C# 4.0 Dynamic Types Allows Better Unit and Automated Tests


I noticed today that C# 4.0 will offer dynamic typing (no, your keyboard will not type magically for you…the other typing). Why mention it here? Well, if I understand the new feature right, this will fix a fairly large unit testing and automation roadblock caused by static types. For example, when writing tests in .NET and trying to consume/use a method on a .NET API or Web Service your tests are constrained to the method’s inputs static types at compile time. In other words, in the old C# world, if you had a method that looked like this:

public void testMe(int foo){ }

and you wrote a test that called the method like this:

testMe( “poofoo” );

the test would fail at compile time due to static typing (because the method’s input parameter type is an int, but we’re trying to pass a string)

Thus the roadblock I was describing… There are a lot of tests, poor error handling, AND hidden defects when you try to pass invalid types into inputs in a service. So, about now you are saying…”Who gives a crap Brent, if my service’s consumers use .NET they’ll compile, get the error and never even get a chance to send a string in where an int should be”. There was a day when I thought the same thing (a long time ago), until I consumed a Web Service using a Java application. For example, say you’ve exposed a .NET Web Service for the world to use… and I come along and consume it with Java, by doing that I can ignore your static/strong typing and send in that string that you weren’t prepared for. Strings don’t work so well as ints (especially when it’s “poofoo”, or even better “2147483648”). Most of the time the errors are just plain ugly, making the API or Web Service really hard to work with when trying to do good error handling management (imagine getting “you failed, line 67”, but then a code change occurs and now it’s line 68), but sometimes things fail on a larger scale and make some really cool defects.

Back to the point…

I’m thinking the new dynamic type in C# 4.0 will allow you to avoid that compile error if you’re writing your tests using C#/.NET. Thus, I could send in that string as an int and then see what happens at runtime. That test would look something like this:

dynamic poo = “poofoo” ;

Neither confirmed or denied at this point, but if true, I’M REALLY EXCITED. This will fix a major issue that I’ve had with testing .NET services using .NET.

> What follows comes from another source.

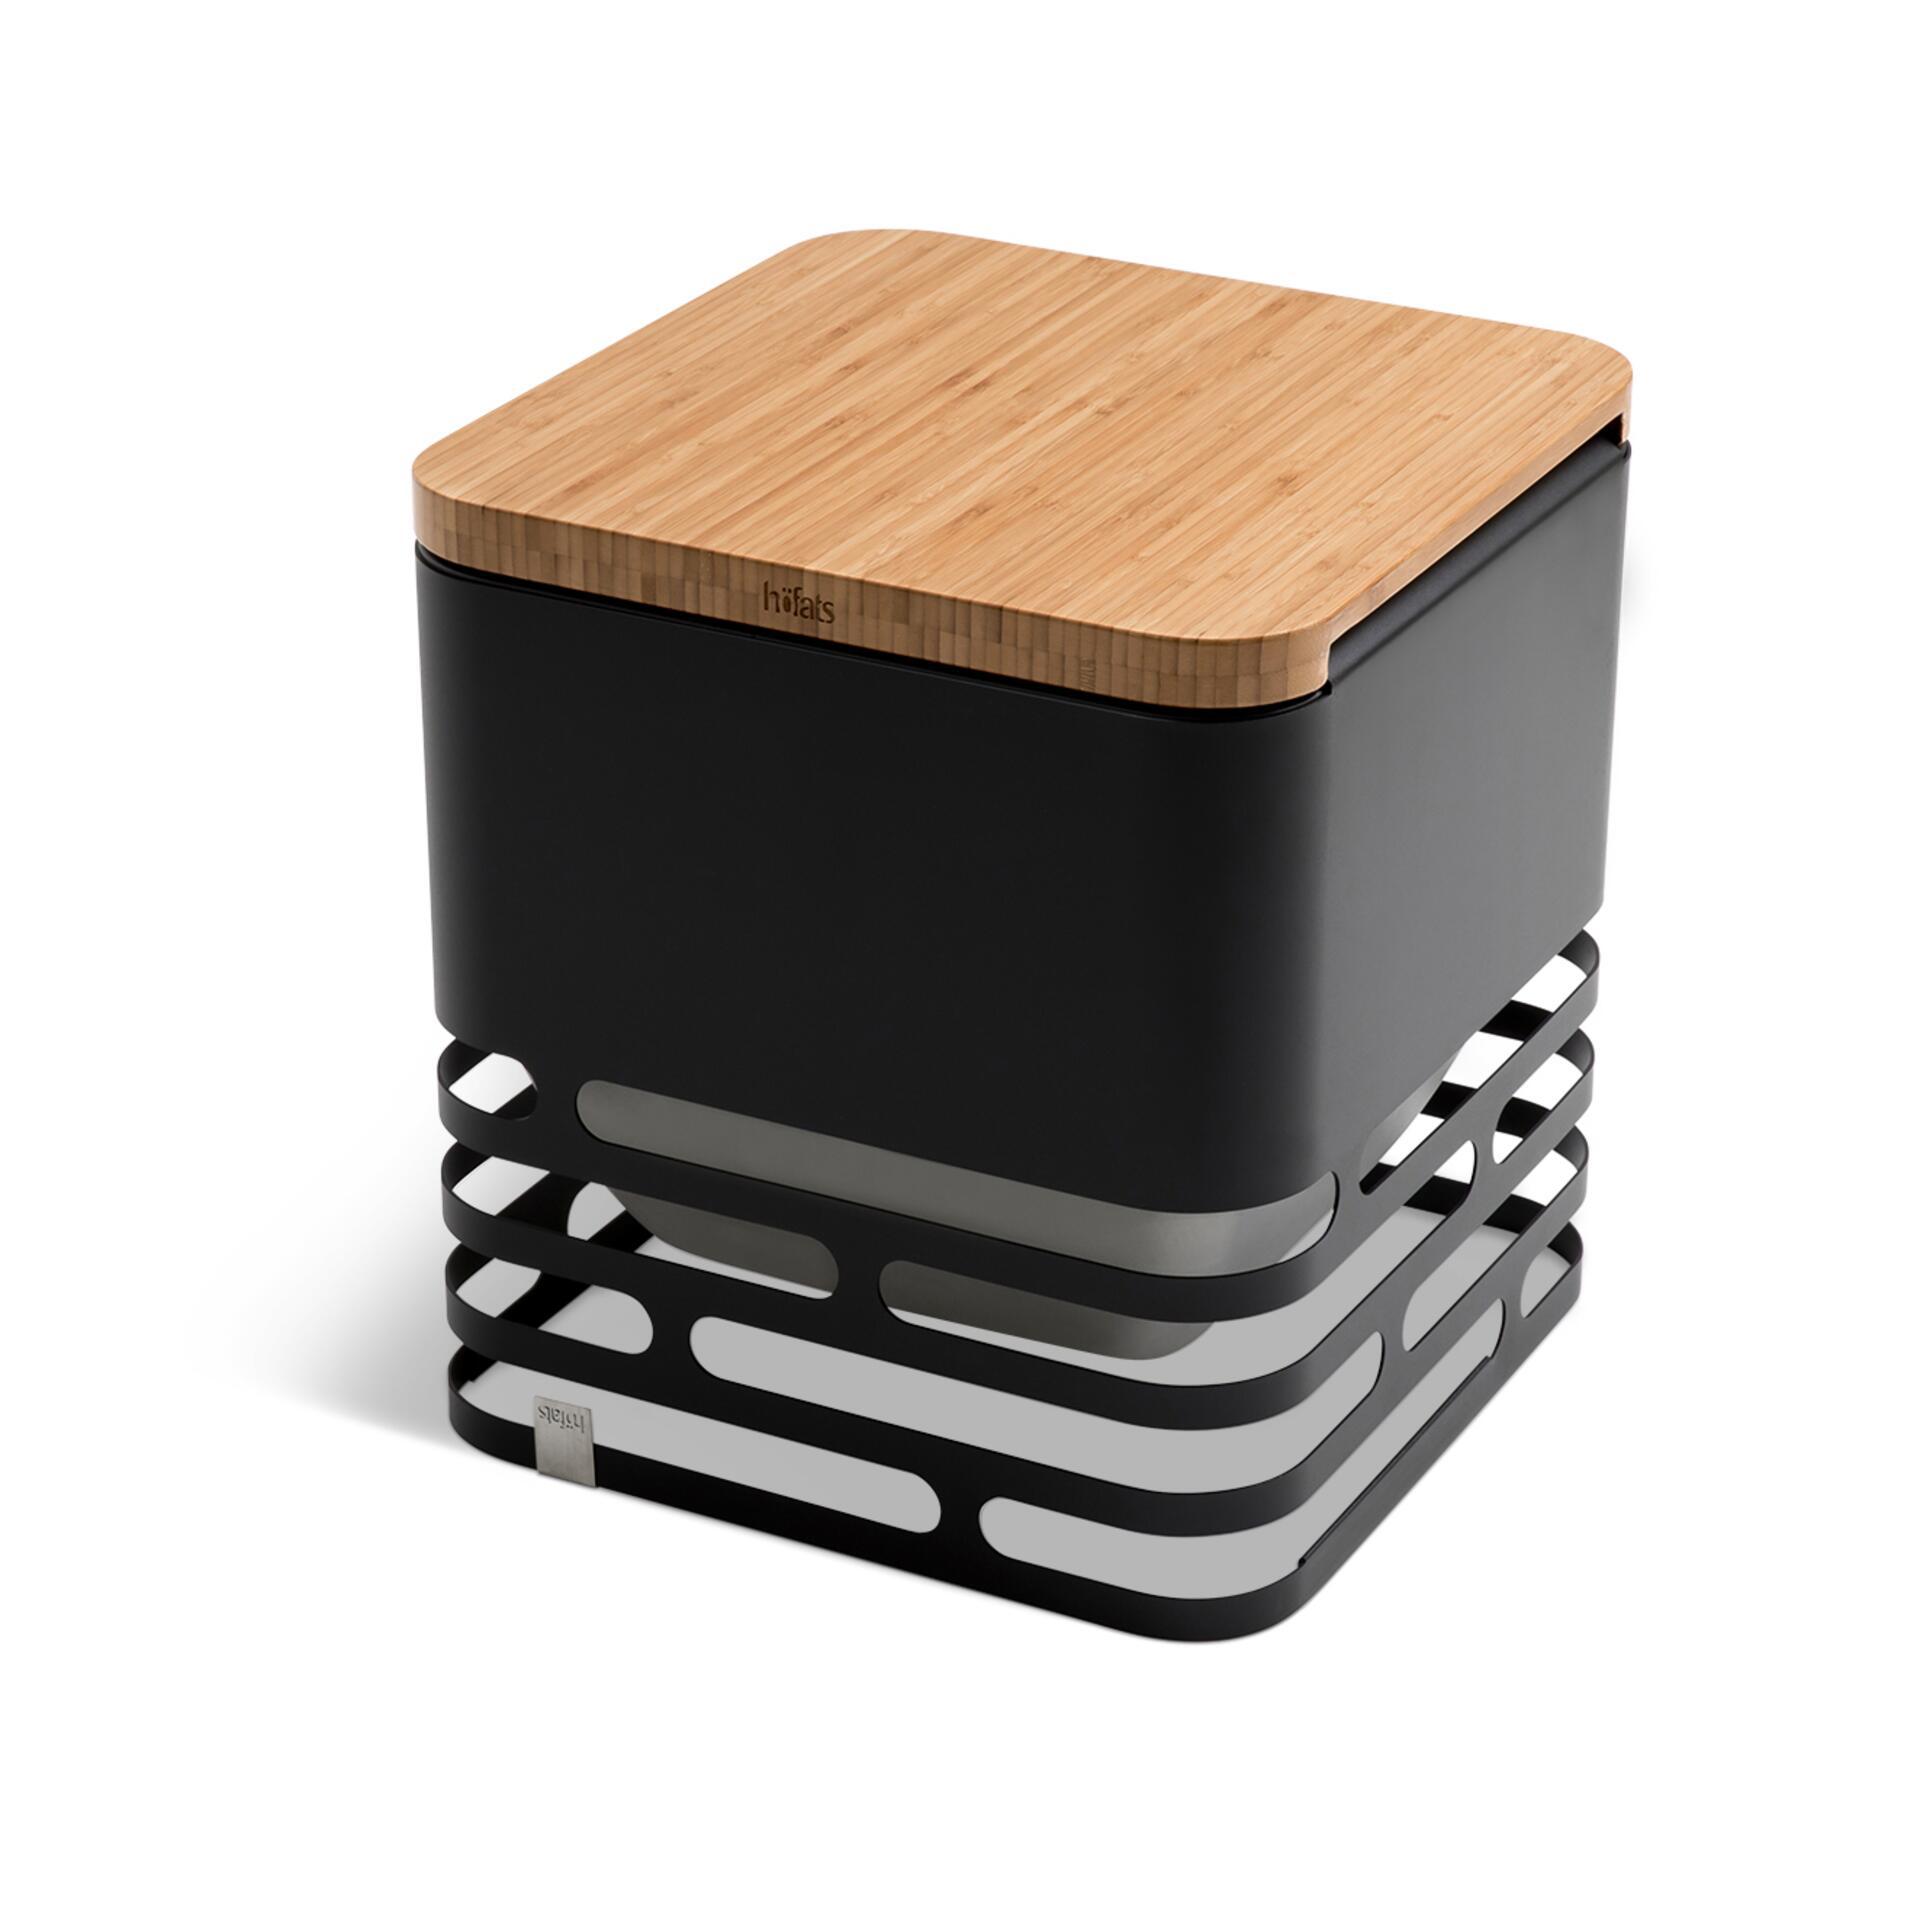 Höfats Cube Hocker Auflagebrett

It’s interesting the conversations that are spawned from the issues that come out sending invalid types…

Brent: The error message… “You failed, line 67” is poor and confusing, what did I do wrong?

Developer: It choked when you sent in the wrong type. Don’t do that.

Brent: That sucks…so when our customers do the same thing and then call in for help we’ll just tell them that?

Developer: Well, Okay, I’ll put in a little error handling and a descriptive error message.

Brent: Sweet!

Brent: (Evil laugh in head) Hey… Will we support that error message as part of the API? Because, if you make it a message that I, a consumer can rely on, that means my code will depend on it, meaning that changes to the error are breaking changes. Breaking changes must be tracked and documented.

Developer: (Slowly backing away) I CANT HEAR YOU!!!